The mid-season rookie draft is back on Tuesday, May 26, and the six-year history since its 2019 return has already produced a surprisingly deep list of AFL contributors. At the top of that list sits James Peatling, whose path from Giants Academy prospect to one of the competition’s most reliable midfield runners is the clearest example of what the draft was built to uncover.
Peatling was overlooked in two drafts after progressing through the Giants Academy, then joined the club’s VFL list and earned his chance midway through 2021. He went on to play 45 games for Adam Kingsley before leaving at the end of his contract in 2024, and his output this year has only strengthened the case for his place at No. 1. He is averaging a career-high 20.6 disposals and 4.5 clearances, numbers that show he has moved beyond survival mode and into genuine influence.
That profile matters because the mid-season draft has never been about polish on day one. It is about players who were missed, then forced their way in anyway. Peatling fits that story better than anyone, but he is not alone. Max Hall has made a similar climb after being recruited from Box Hill’s VFL program. He was the highest rated player in the AFL during a four-week stretch midway through last season, then backed it up with a breakout 27-disposal, three-goal game against Hawthorn. In 2026 he opened with 26 disposals and four goals against Melbourne in round one, then produced another 26 disposals and two goals across the weekend. Hall’s rise has been fast enough to make draft night hindsight look expensive.
Cooper Sharman sits in the same conversation. The forward was overlooked by the Giants Academy in his draft year, went to the SANFL with Woodville-West Torrens and eventually earned his chance at St Kilda. He has kicked 93 goals from 80 games, including a career-best 34 last season, when he also booted four goals in a big win against Fremantle. St Kilda rewarded that form with a two-year contract extension, and he is now locked in until at least 2028. For a player who began outside the system’s first pass, that is a substantial vindication.

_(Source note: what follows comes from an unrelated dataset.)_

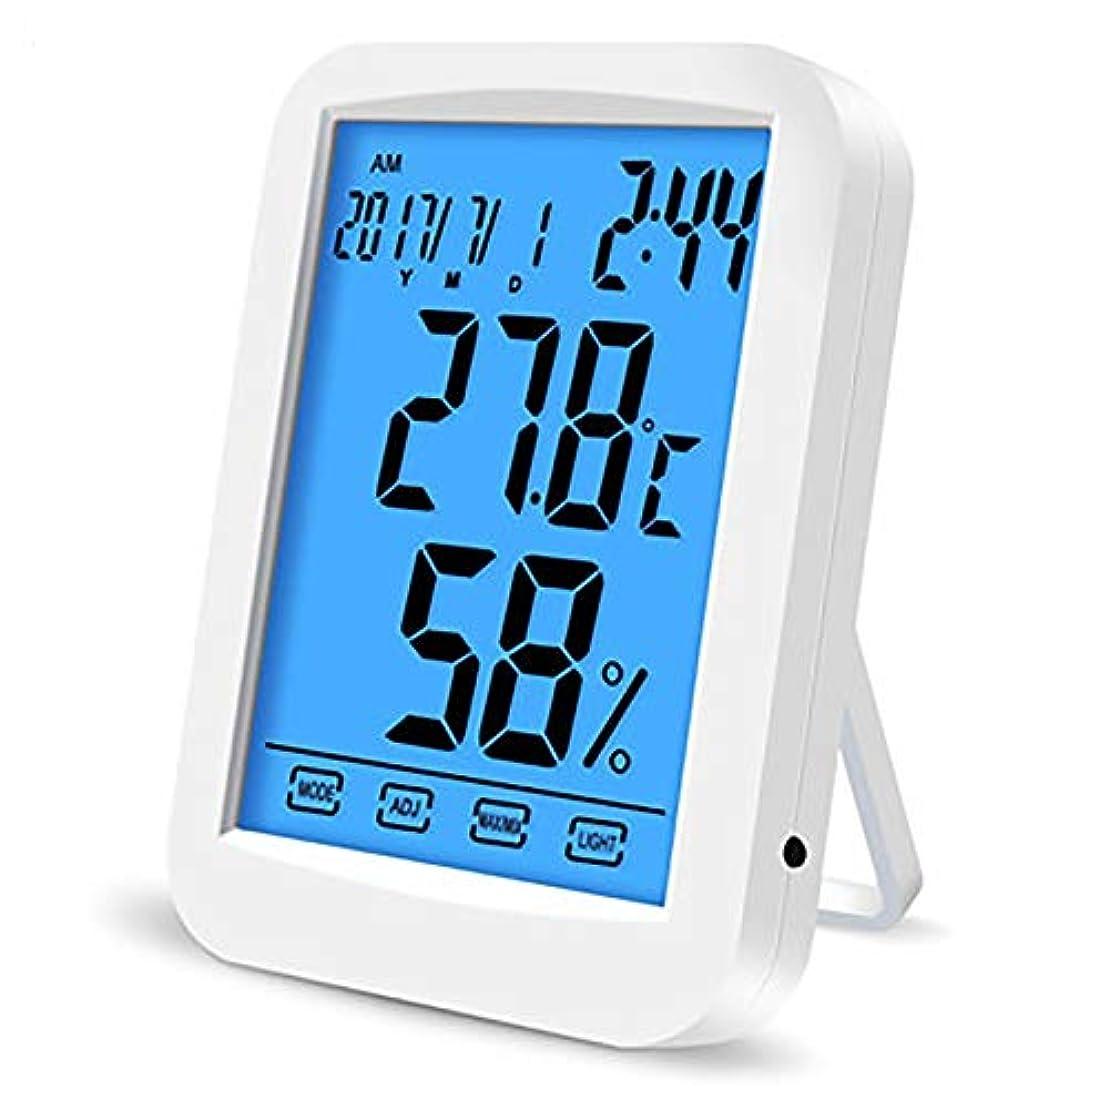 グリーンバック遺産水平デジタル湿度計、温室の庭のワインセラーのための高精度のABS物質的で調節可能な明るさのタッチ画面 - 無線気象の場所

John Noble’s journey is different, but the same logic applies. He joined Collingwood in the maiden mid-season draft after Richmond selected Marlion Pickett, then played 112 games for the club. He left after being left out of their finals campaigns in 2023 and 2024, but has since added another 35 matches for Gold Coast. There, he and Daniel Rioli have become the Suns’ primary ball movers out of the backline, turning a mid-season selection into a structural piece for a new club.
Sam Durham rounds out the top tier. He came from Richmond’s VFL program and has become one of the best inside ball winners in the competition. He has played 101 matches for Essendon and finished top three in the club’s best and fairest in successive seasons, proof that the draft can uncover more than depth. It can find players who tilt a team’s identity.
The mid-season rookie draft has always carried a simple promise: if a player is good enough, a missed start does not have to be the end. That is why the 2026 draft on Tuesday, May 26 matters beyond the names who will be called. It is another chance to find the next Peatling, the next Hall, the next Sharman — and the clubs that miss them may spend years watching someone else reap the benefit.